Fernando Mexia, la plume.
Robert Zemeckis est dépassé dans A Christmas Carol . Cinq ans après ses débuts dans le monde de la "motion capture", maintenant connu sous le nom "performance capture" - le directeur de Retour vers le futur et Forrest Gump a réussi à développer un film brillant, dans lequel l'étonnante technologie ne doit pas occulter l'histoire ou les caractères. Ne vous méprenez pas, la technique est toujours spectaculaire (en fait, se sont beaucoup améliorées), mais le feu des projecteurs tombe sur un Jim Carrey comme le Scrooge avare caractérisé, ou plutôt caricaturale, traverse le CGI (Computer Generated Imagery), remet en la table et obtenir de vraies émotions pour le spectateur de vous oublier regardez un produit révolutionnaire dans l'histoire du cinéma.
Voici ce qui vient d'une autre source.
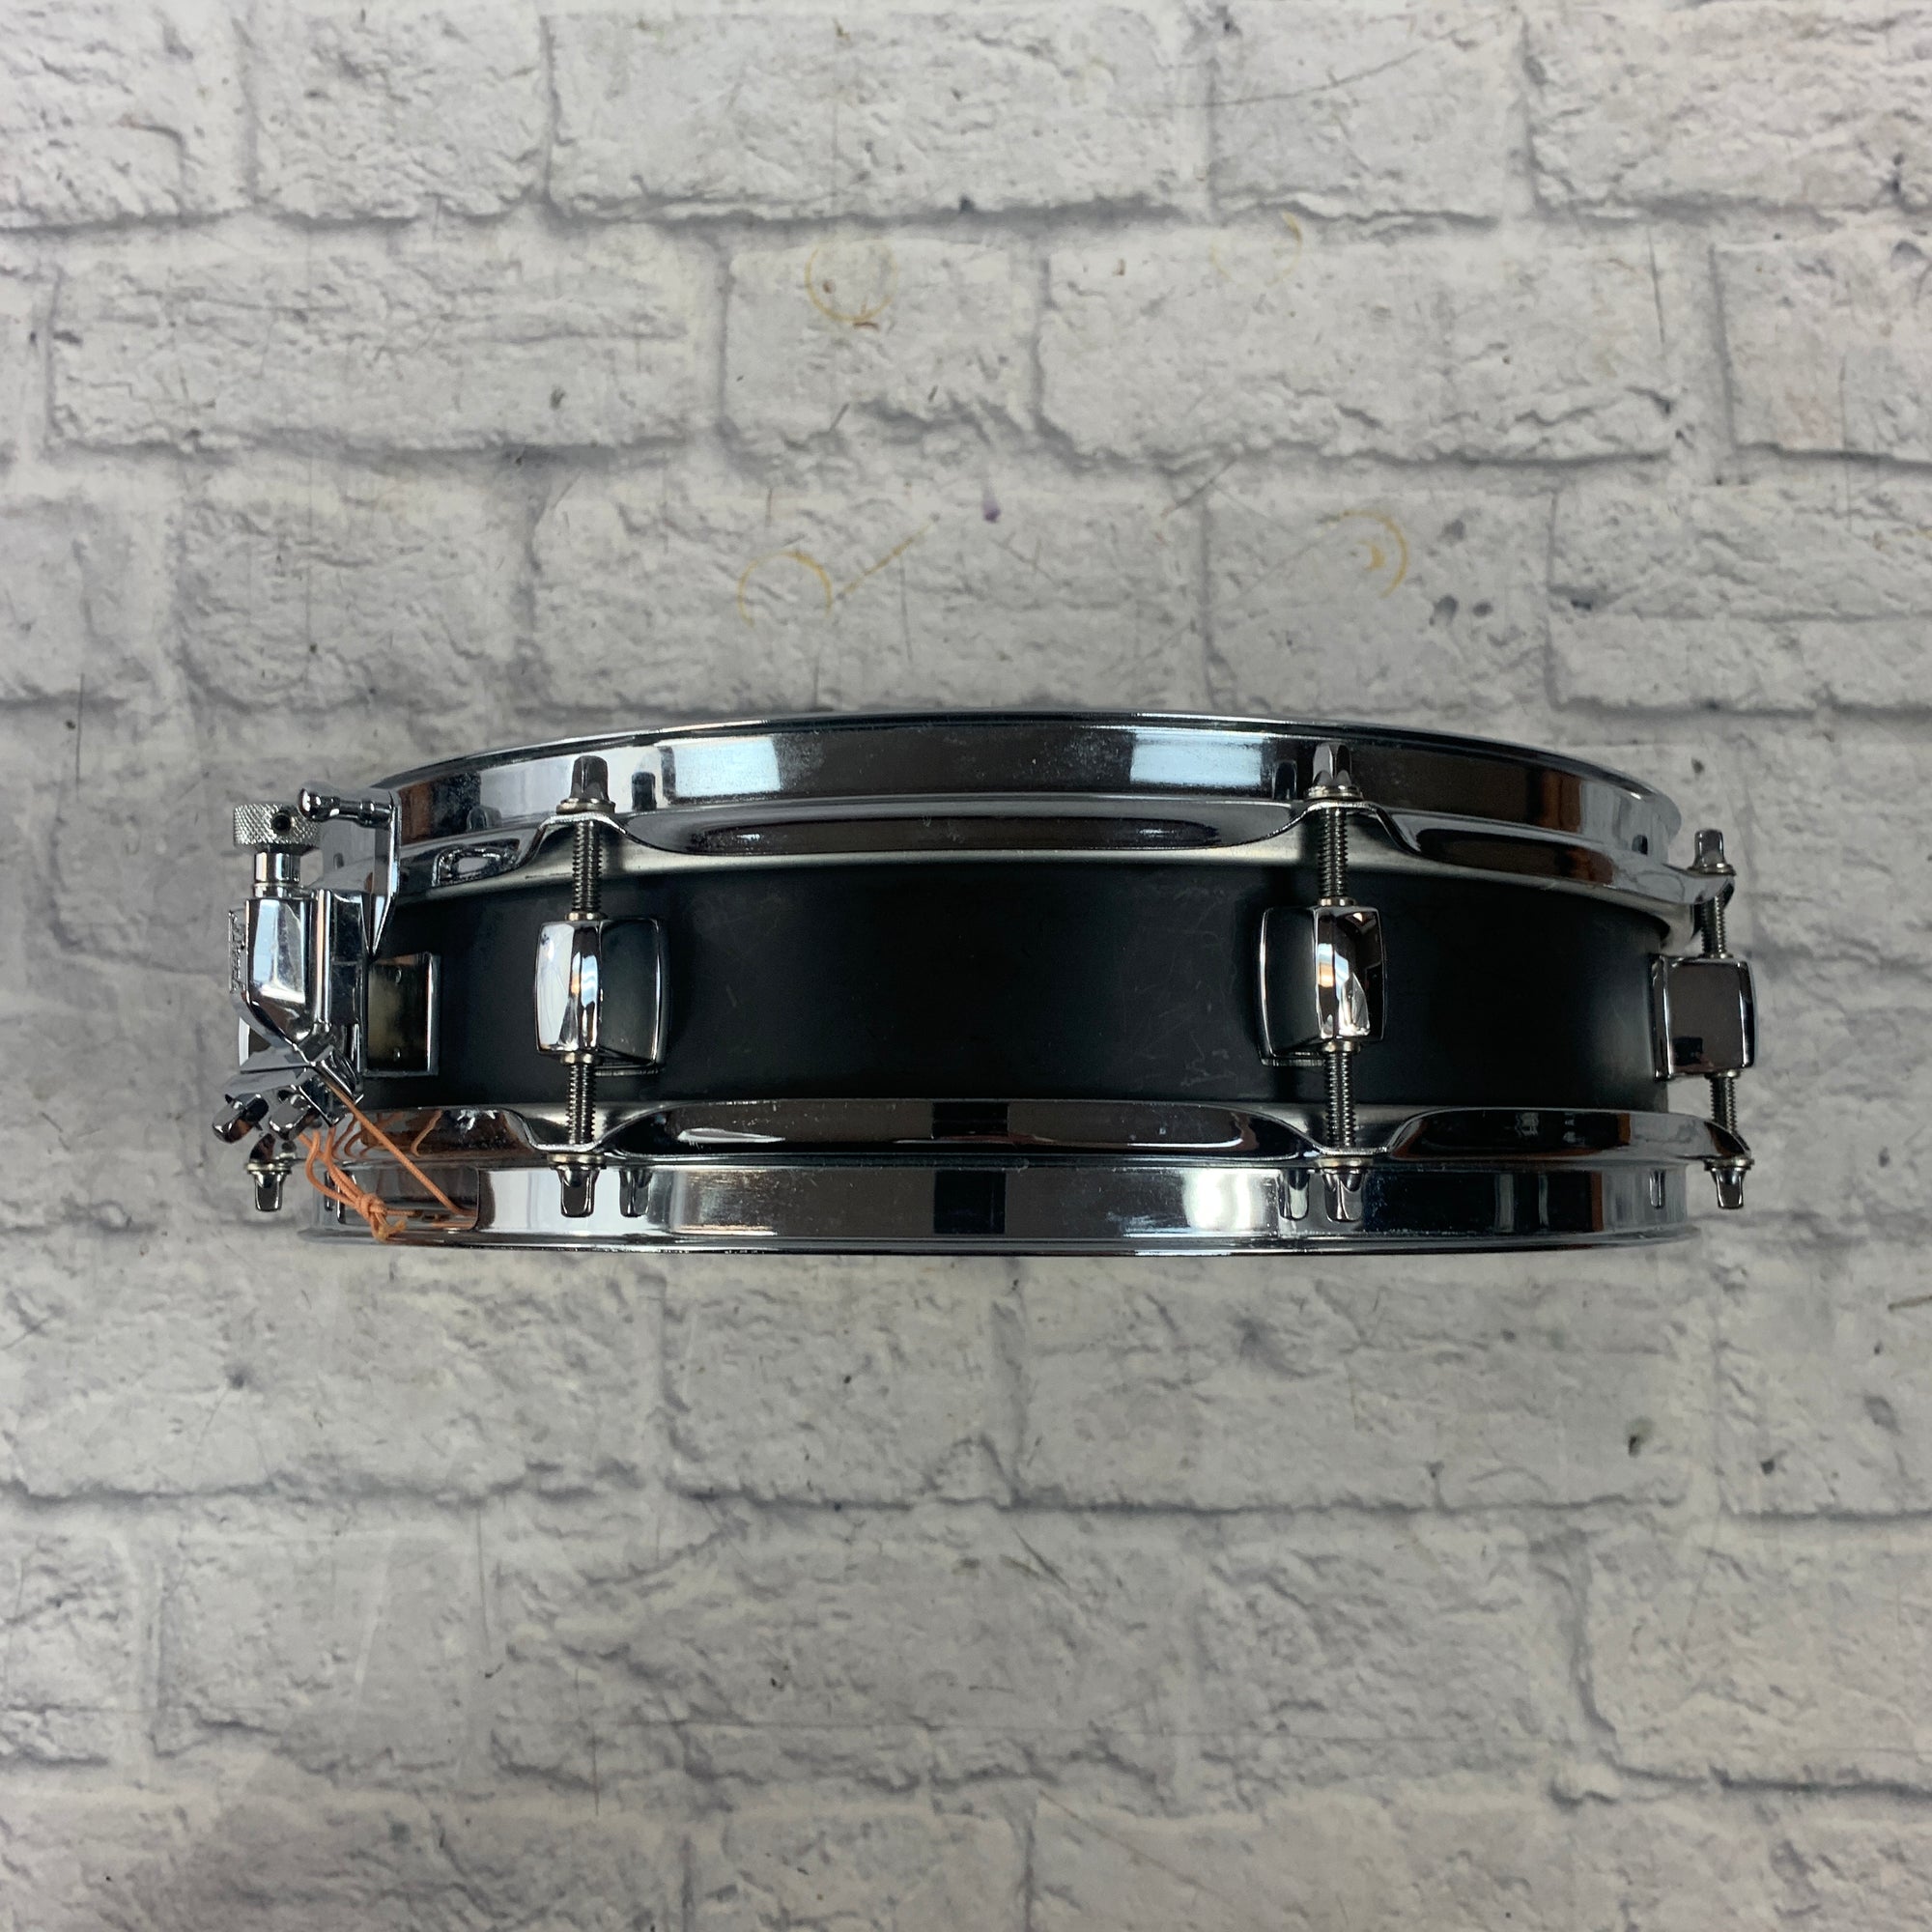 Pearl Steel Piccolo Snare Drum 13x3 Black - Woodbury Music Shop

Carrey fait, sans aucun doute, la meilleure performance de son fait carrera.De, l'exagération habituelle, des visages grotesques et la voix des changements-humoriste canadien qui peut être fastidieux et hors de propos dans une norme film de sens dans une production qui est à mi-chemin entre un film d'animation et de la chair. Carrey est dans la "performance capture" la forme de votre chaussure.
Un problème, à mon avis, Polar Express (2004) et La légende de Beowulf (2007)-à la fois de Zemeckis, c'est que la patine du maquillage informatique portés par les personnages mangé l'humanité des intrepretaciones, même si l'on pouvait reconnaître physiquement Tom Hanks, Angelina Jolie et Anthony Hopkins. Fondamentalement, les acteurs semblaient faire partie d'une sorte de hors du monde d'un jeu qui finit par créer une distance infranchissable avec le public que dans de nombreux cas, j'ai vu le film sans être affecté émotionnellement par ce qui se passait sur l'écran.
A Christmas Carol est un pas de géant et une preuve que la «capture peformance" fonctionne à tous les égards. S'il vous plaît noter Cameron, Spielberg, Jackson et compagnie pour vos paris prochaines avec cette technologie pour communiquer les véritables acteurs dans un film de ce nouveau genre cinématographique doivent surjouent, doit en quelque sorte amplifier vos gestes comme un dessin animé. Les regards graves et rostos Tough Guys ou des sourires timides séduction sensuelle sont engloutis dans le processus post se termine en laissant certains des personnages crédibles, mais en grande partie artificielle.
Dans le film dépeint Carrey sept personnages et le spectateur sait que le protagoniste est un acteur, Carrey n'est pas une image d'ordinateur.
Au-delà des interprétations, A Christmas Carol a peu ou rien de nouveau en termes d'histoire. La fable bien connue des trois fantômes de Charles Dickens tant aimée par les Américains de Noël est, cependant, son format final. Plongées Zemeckis dans le travail qui essaie de capturer l'esthétique imaginée par Dickens grâce à la magie numérique et réalise un produit solvant qui laisse peu de place pour les futures tentatives de rejouer ce roman. Le film, rester à l'écart d'un récit édifiant, combine l'humour avec des scènes sombres qui pourraient effrayer les jeunes enfants.
Il est frappant de constater que tous les personnages du film, avec ou sans dialogue, sont joués par de vrais acteurs, même ceux qui font supplémentaire. Même les chevaux des séquences finales ont été informatisés marchait autour de l'ensemble. Sans aucun doute, un travail minutieux qui fucionará Zemeckis à la fois en 2D et 3D et la peine de s'arrêter pour voir.
Pourtant, il est difficile de prédire comment elle s'adaptera A Christmas Carol à Hollywood où même ce genre de film semble tomber entre les mailles du filet, ce qui augure des prix peu pour le film, peut-être une certaine technique. Juste besoin de savoir comment l'améliorer, si c'est le cas, la prochaine Avatar de James Cameron.